Aber jetzt zurück zu diesem wunderbaren Biosweat "Rainbow", den ich für mein Anliegen so missbraucht habe, aber das Thema des Regenbogens hat einfach etwas in mir bewegt. Das Design des wie in großen Pinselstrichen gemalten Regenbogens ist übrigens von Tintenrebell und Ihr könnt ihn jetzt vorbestellen.
Auf dem schwarzen Untergrund kommen die leuchtenden Farben so richtig schön zu Geltung.

Beim Zuschnitt wurde mir zudem klar, dass man den Stoff wieder und wieder verarbeiten könnte und doch immer ganz unterschiedlich wirkende Ergebnisse erhalten würde. Je nachdem, wie man den Sweat zuschneidet. So etwas mag ich ja sehr. 

Zumal auch mein Midi schon sehr entschieden einen Hoodie aus dem coolen Stoff eingefordert hat. Die Kombi aus Schwarz mit den leuchtenden Farben gefällt eben auch großen Kinder.




Vorbestellen könnt Ihr den wunderbaren Stoff hier.


Und wenn Ihr mehr über das Schicksal der Familie nachlesen wollt, könnt Ihr das im wunderbaren Blog "Außer Dienst" von Uwe Klein.

Dieser Beitrag enthält liebevolle Werbung.

PS:  Der Schnitt ist übrigens der wunderbare Ferdinand von Rosarosa.

Freitag, 23. Februar 2018

Die Adler fliegen hoch: Nanuk und Vanja

Hallo Ihr Lieben,
da sind meine zwei Super-Rabauken wieder im Einsatz. Da Brüder-Partnerlook hier gerade sehr groß im Kurs steht, habe ich meine zwei Kleinen mal wieder benäht.




Etwas Panik habe ich ja immer vor dem Moment der Stoffverteilung: Wer möchte welche Farbe? Aber hier war beiden sofort klar, für welchen Farbton ihr Herz schlägt. Der Kleine wollte unbedingt das tolle Petrolblau, der Midi stand dagegen auf den Grauton. Uff, erste Klippe umschifft.




Auch beim Rest waren sie sich schnell einig. Möglichst schlicht sollten die Hoodies sein, sollten doch die schönen "Seahawks" des Mies&Moos-Jerseys  aus dem Glückpunkt-Shop wirken.

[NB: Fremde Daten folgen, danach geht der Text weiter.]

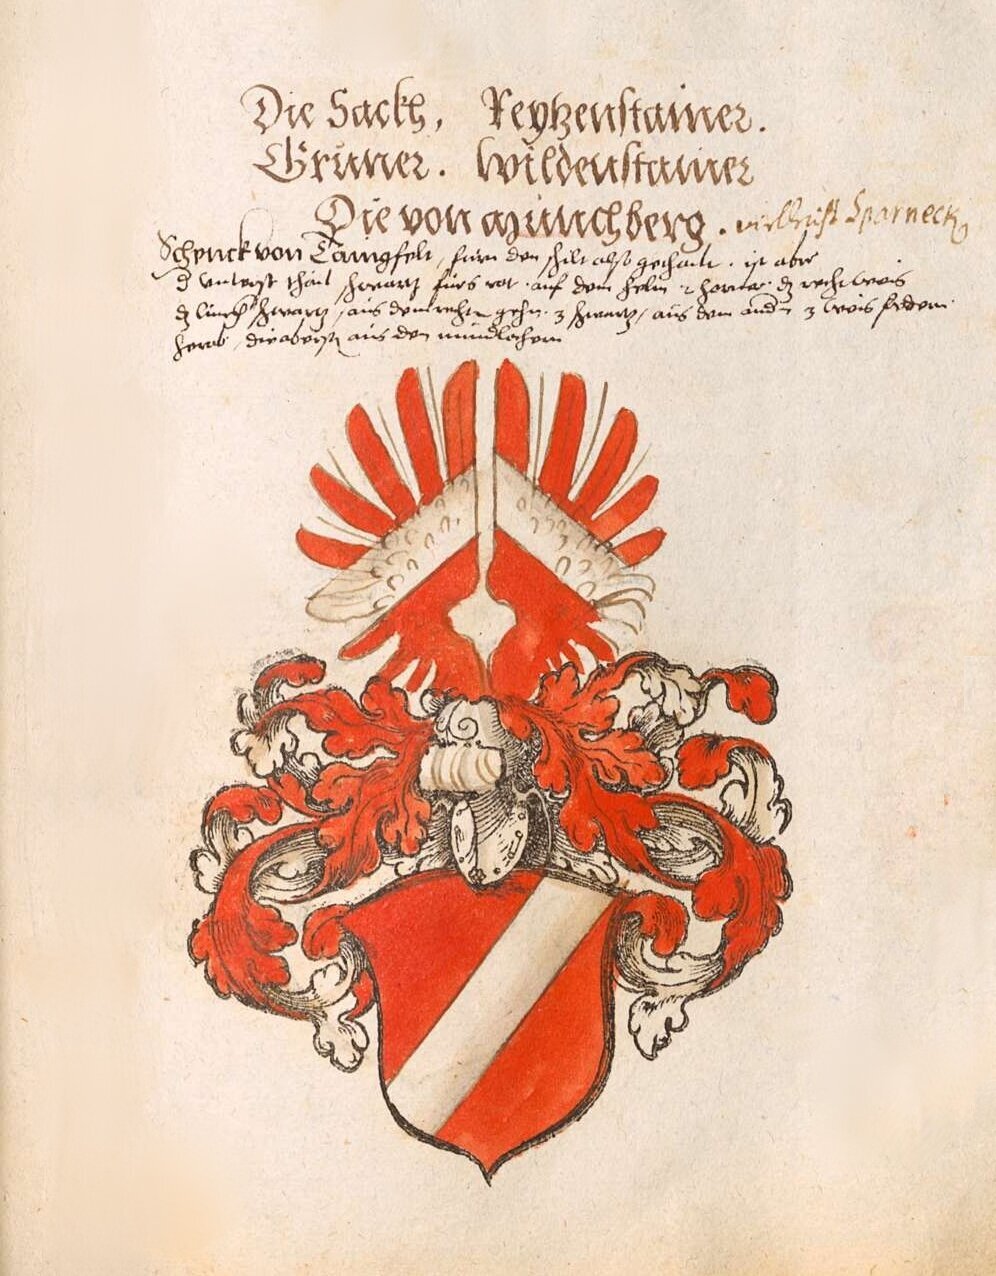 Wappen_der_Säcke_im_Wappenbuch_des_Heiligen_Römischen_Reiches,_Mitte_16._Jh..jpeg

Der Kleine orderte eine Kapuze, der Midi einen möglichst kuscheligen Kragen. Auch wenn ich gestehe, dass ich es hier mit meinem Wunsch nach etwas mehr Stand für den Jersey wohl doch zu gut gemeint habe. Eine Lage H630 hätte es wohl auch getan. Aber dem Midi gefällt es.




Genäht habe ich also einen Nanuk und eine Vanja von Meine Herzenswelt. Ich bin ja bekennender Meine Herzenswelt-Junkie. Auch wenn ich in den letzten Wochen mein Hoodie-Repertoire mal wieder um einige Modelle erweitert habe.

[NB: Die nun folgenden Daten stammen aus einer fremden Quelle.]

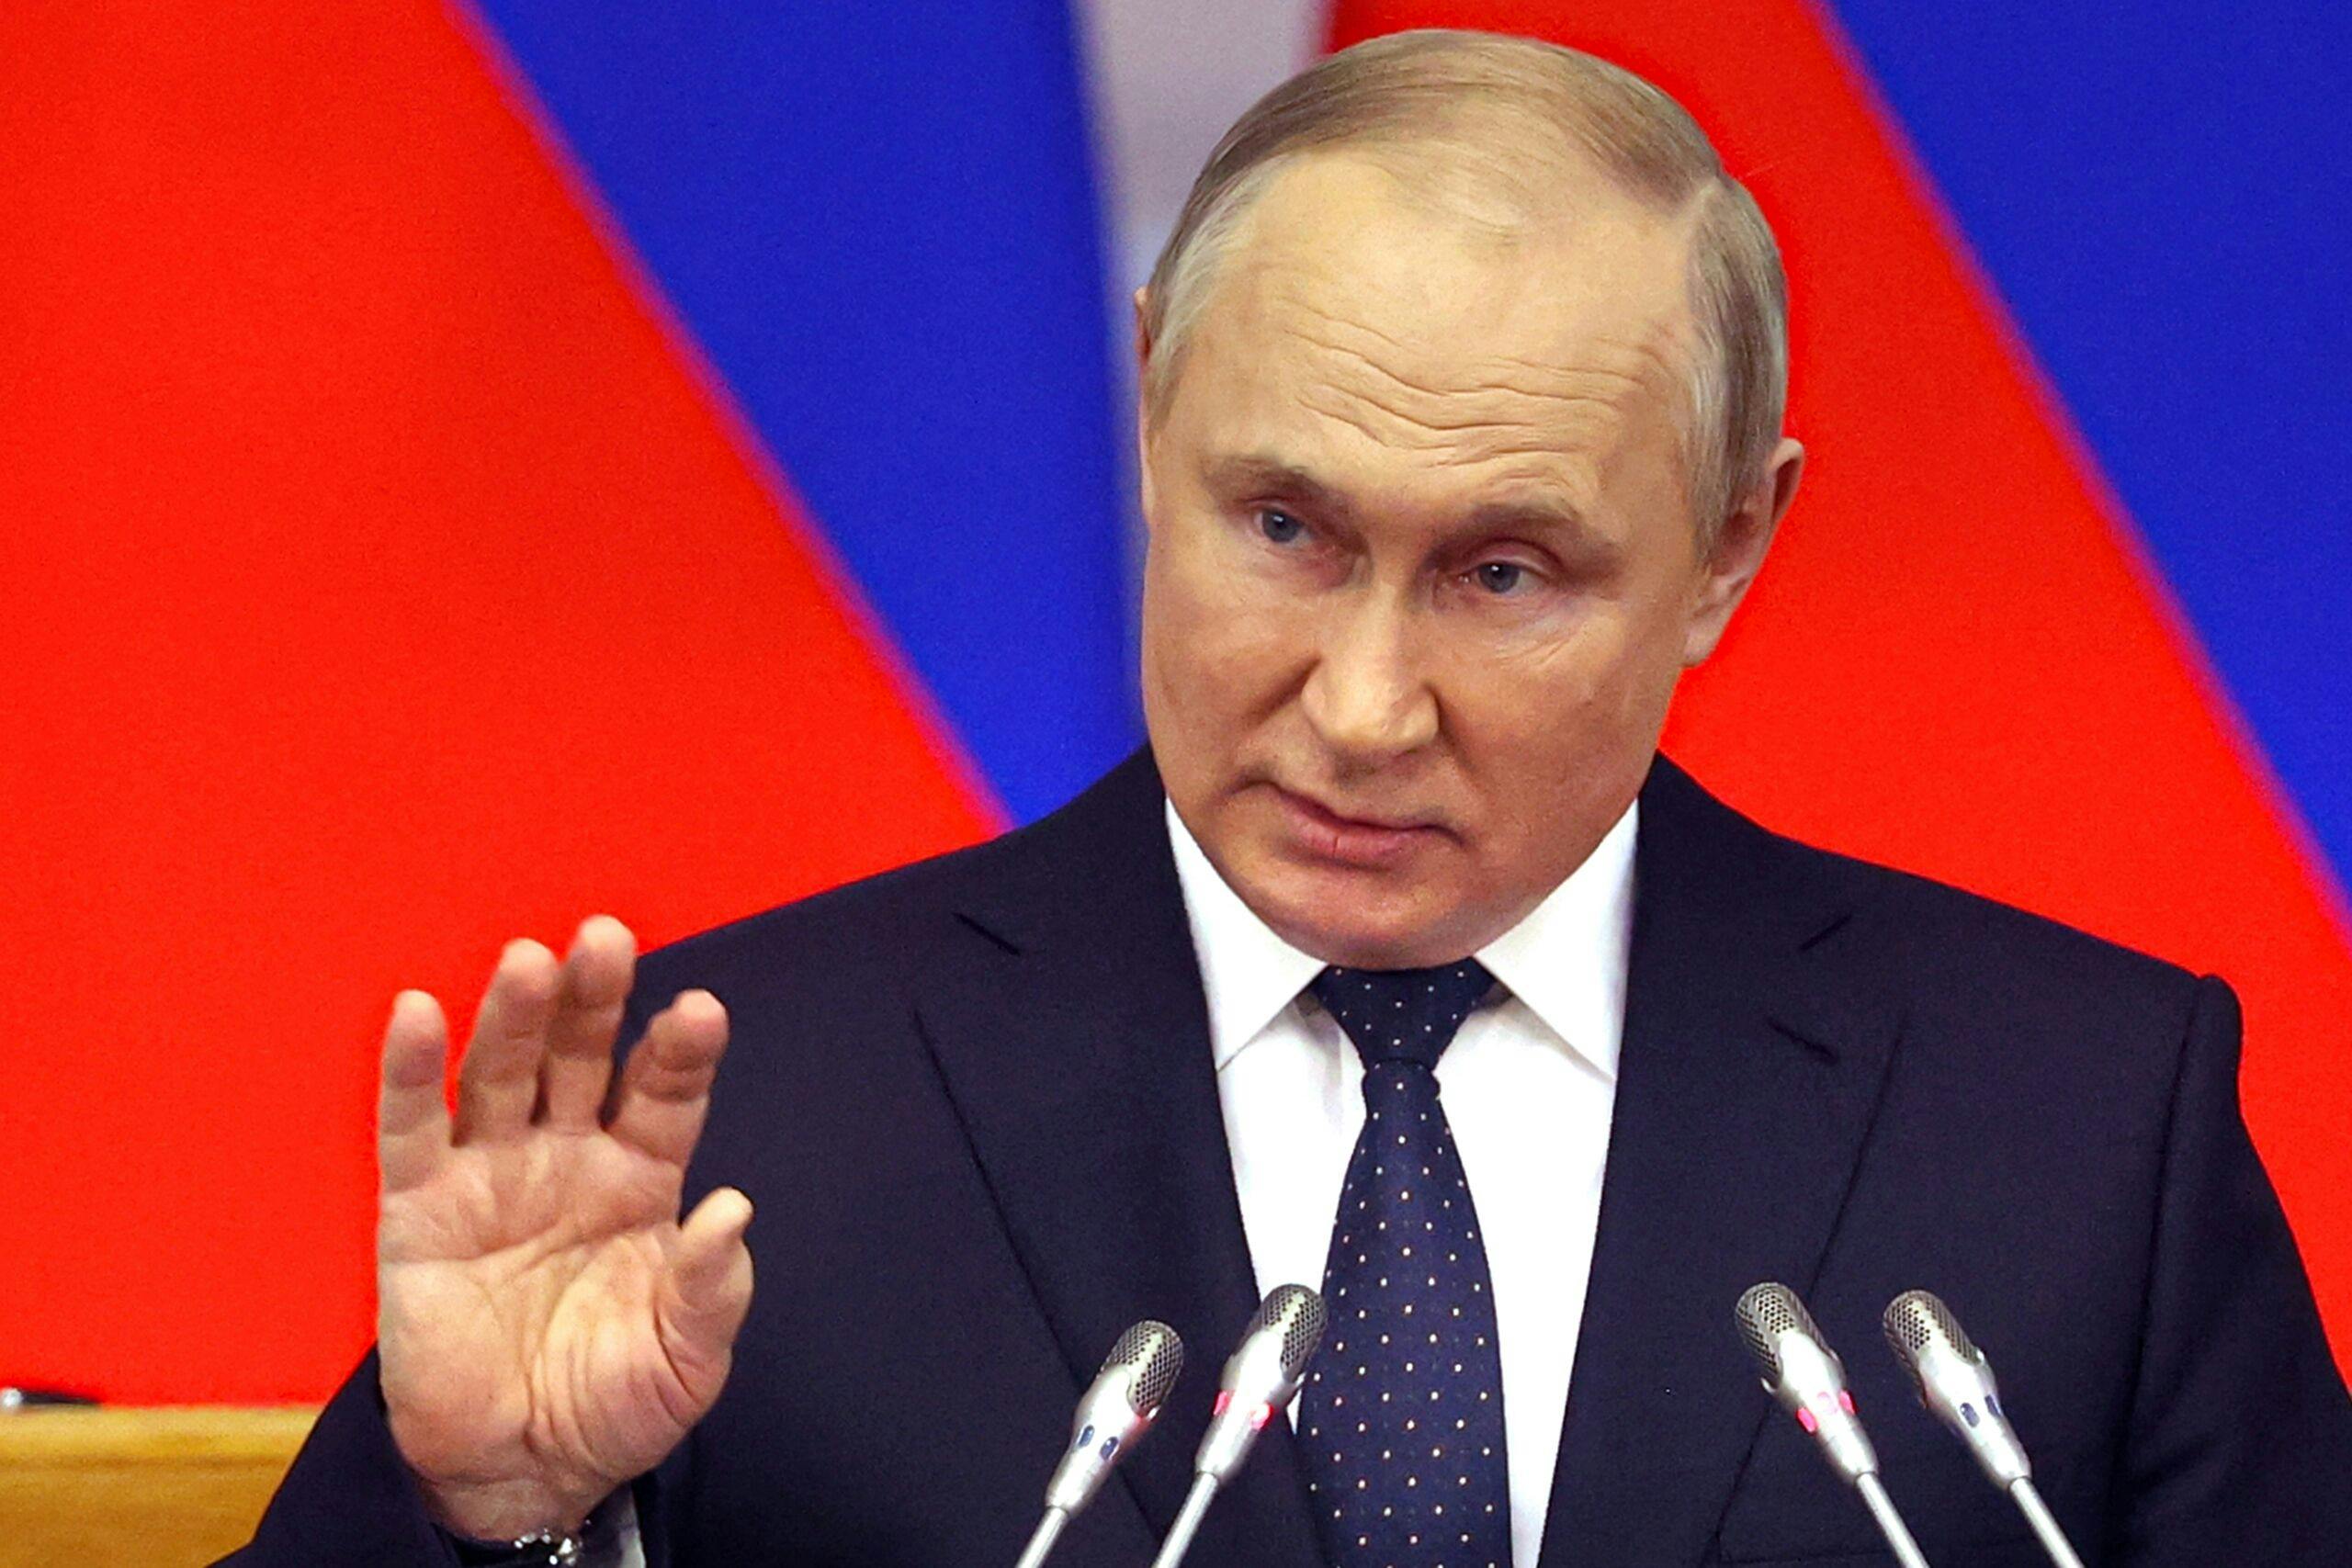 La Russia si allena con armi nucleari false e “promuove intimidazioni”

Aber meine Jungs gefallen mir halt einfach sehr in den Schnitten der lieben Ilona. Lässig, sportlich und doch immer irgendwie besonders.

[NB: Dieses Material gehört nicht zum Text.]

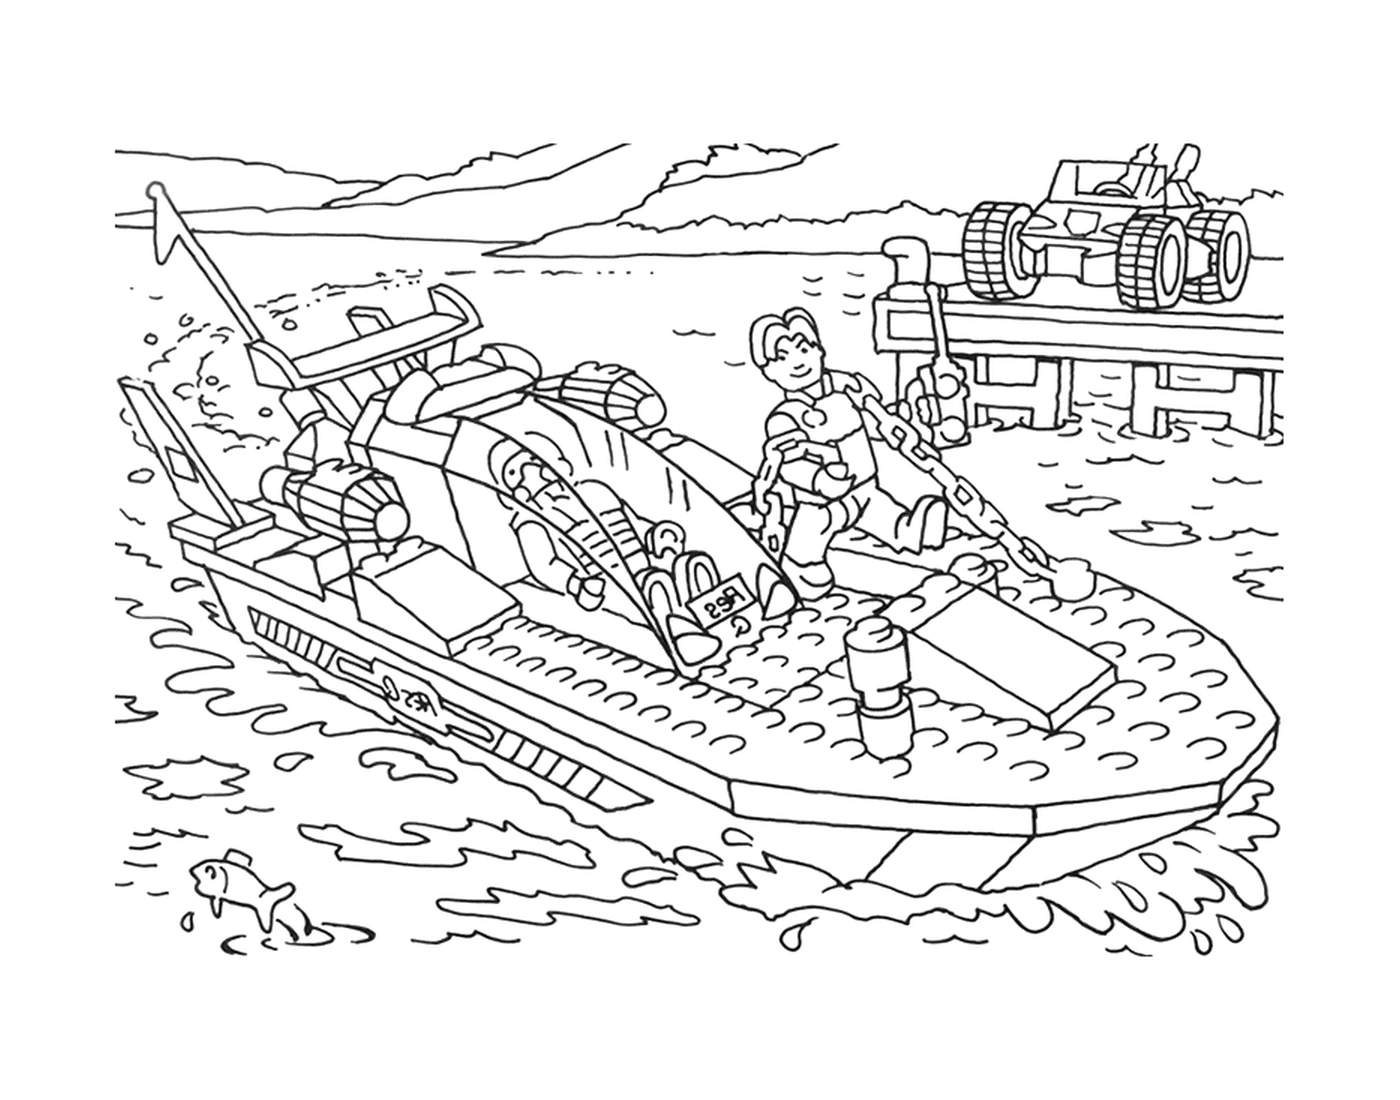  Man in a Lego boat

Aktuell verabreden sich die beiden übrigens fast jeden Nachmittag zum Spielen. Dass sie dafür mittlerweile fast unser gesamtes Wohnzimmer mit ihren kleinen Lego-Männchen in Beschlag nehmen, ich kann es verschmerzen.




Zu niedlich ist es ihren Absprachen beim Spielen zuzuhören: "Könntest du mir diesen Klon geben? Ja, das ist aber wirklich sehr großzügig von dir. Dafür gebe ich dir dann ....".




Und hat der Kleine dann doch mal eine Verabredung mit ein paar Mädchen (Ihr wisst ja, der Womanizer der Familie), bringt ihn der Bruder zum vereinbarten Treffpunkt und passt dort auch gut auf ihn auf. Wollten die Viertklässlerinnen den Kleinen doch animieren, mit ihnen auf ein Hüttendach zu klettern. Da hat der Midi dann sofort interveniert.




Wie gesagt, im Moment ist es megarelaxed bei uns, wenn die beiden Kleinen zusammen aktiv sind. Man könnte tatsächlich ganz entspannt dabei nähen, während sie spielen. Habe ich heute auch tatsächlich mal wieder gemacht. Zum ersten Mal in dieser Woche übrigens. Auch wenn mir das mal wieder niemand glaubt.




Und ich weise darauf hin, dass wir schon Wochenende haben...




Richtig weit bin ich mit meiner Näherei allerdings nicht gekommen. Es war einfach zu lustig, die Beiden beim Spielen zu beobachten. Einer der seltenen Momente im Mutterleben, an denen man denkt, dass man alles richtig gemacht hat.




Ich neige ja ansonsten zum Dauerzweifel an meinen pädagogischen Fähigkeiten. Aber wie gesagt, im Augenblick genieße ich die Entspannung.




Und Euch wünsche ich ein wunderschönes Wochenende... Macht es euch fein.